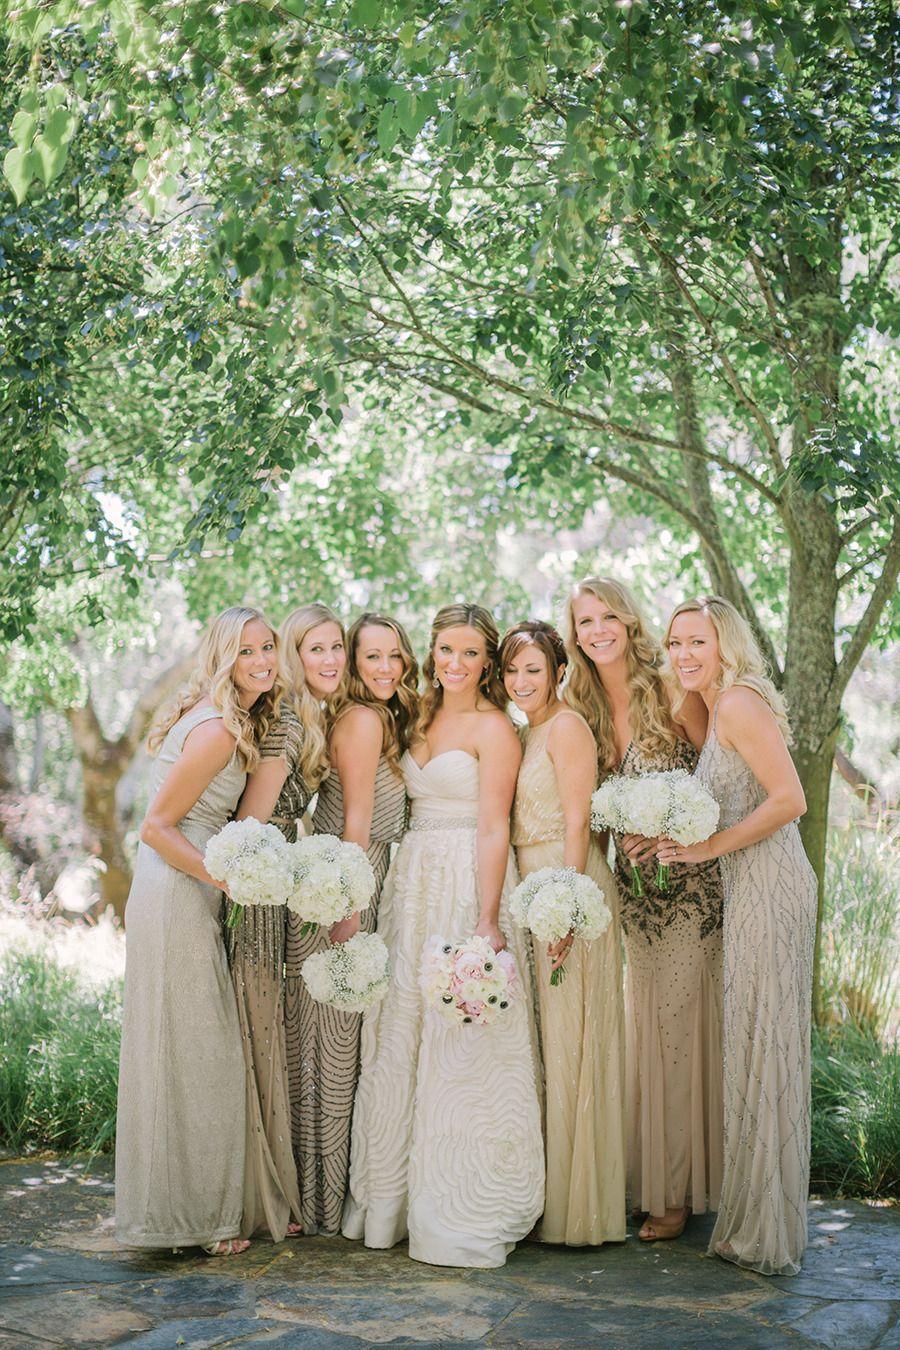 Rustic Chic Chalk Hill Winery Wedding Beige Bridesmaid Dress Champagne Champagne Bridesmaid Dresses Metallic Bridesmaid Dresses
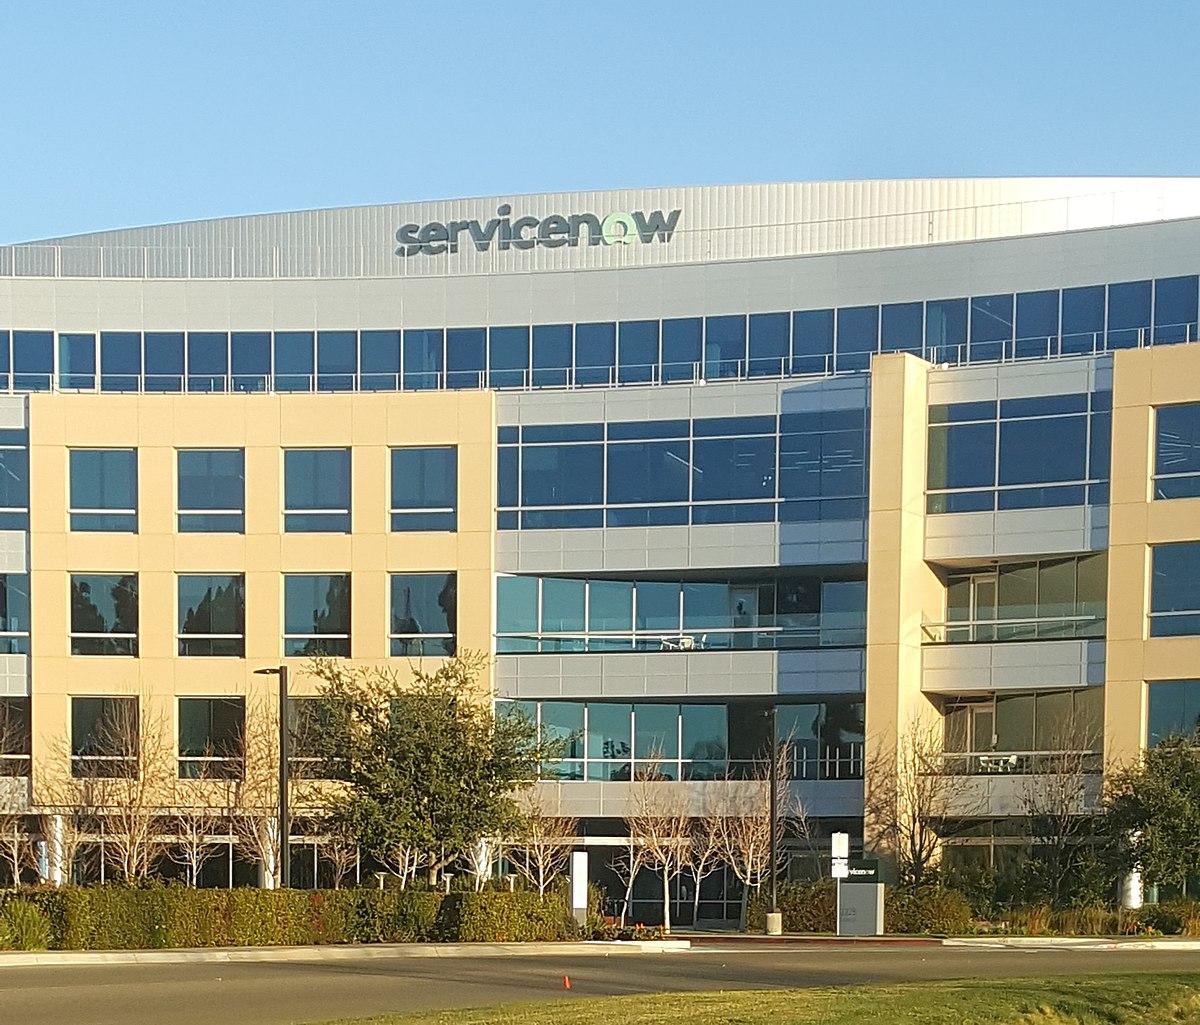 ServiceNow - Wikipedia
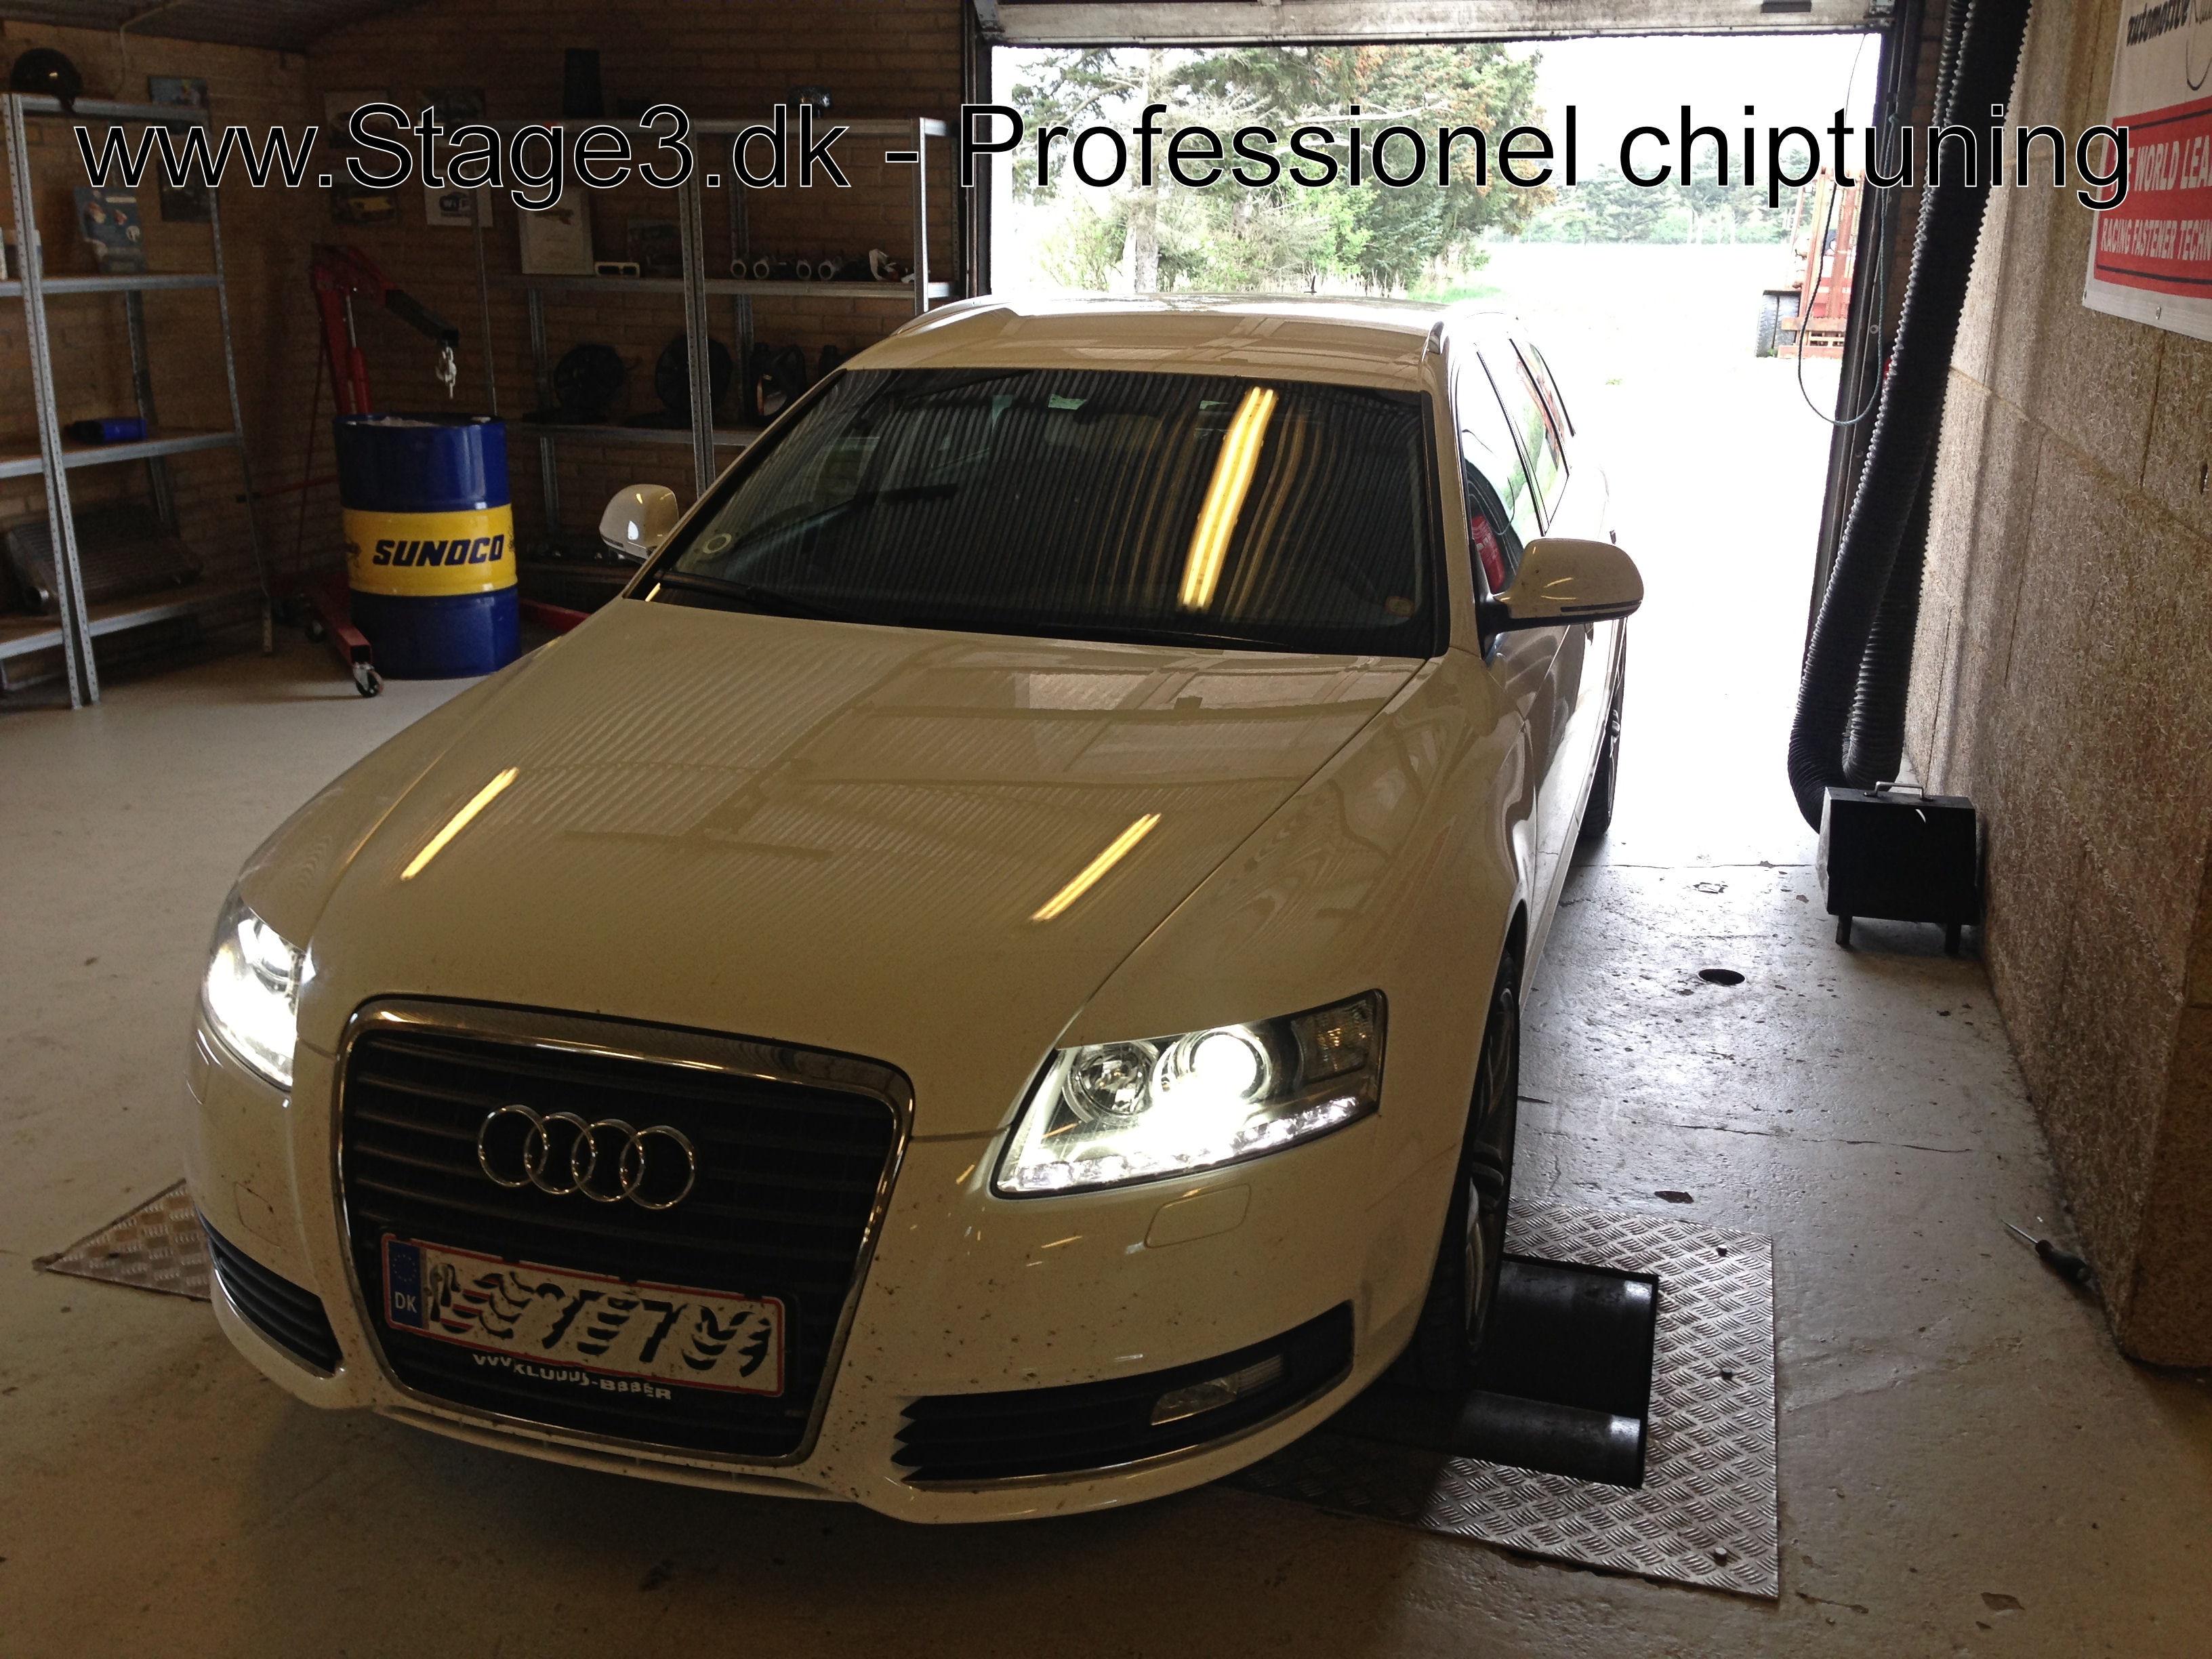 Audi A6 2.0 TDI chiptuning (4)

AIM OF THE TASK
Go through the listing above and retype it exactly, skipping every picture.

THE COMPLETED TASK
 Rustic Chic Chalk Hill Winery Wedding Beige Bridesmaid Dress Champagne Champagne Bridesmaid Dresses Metallic Bridesmaid Dresses
 ServiceNow - Wikipedia
 Audi A6 2.0 TDI chiptuning (4)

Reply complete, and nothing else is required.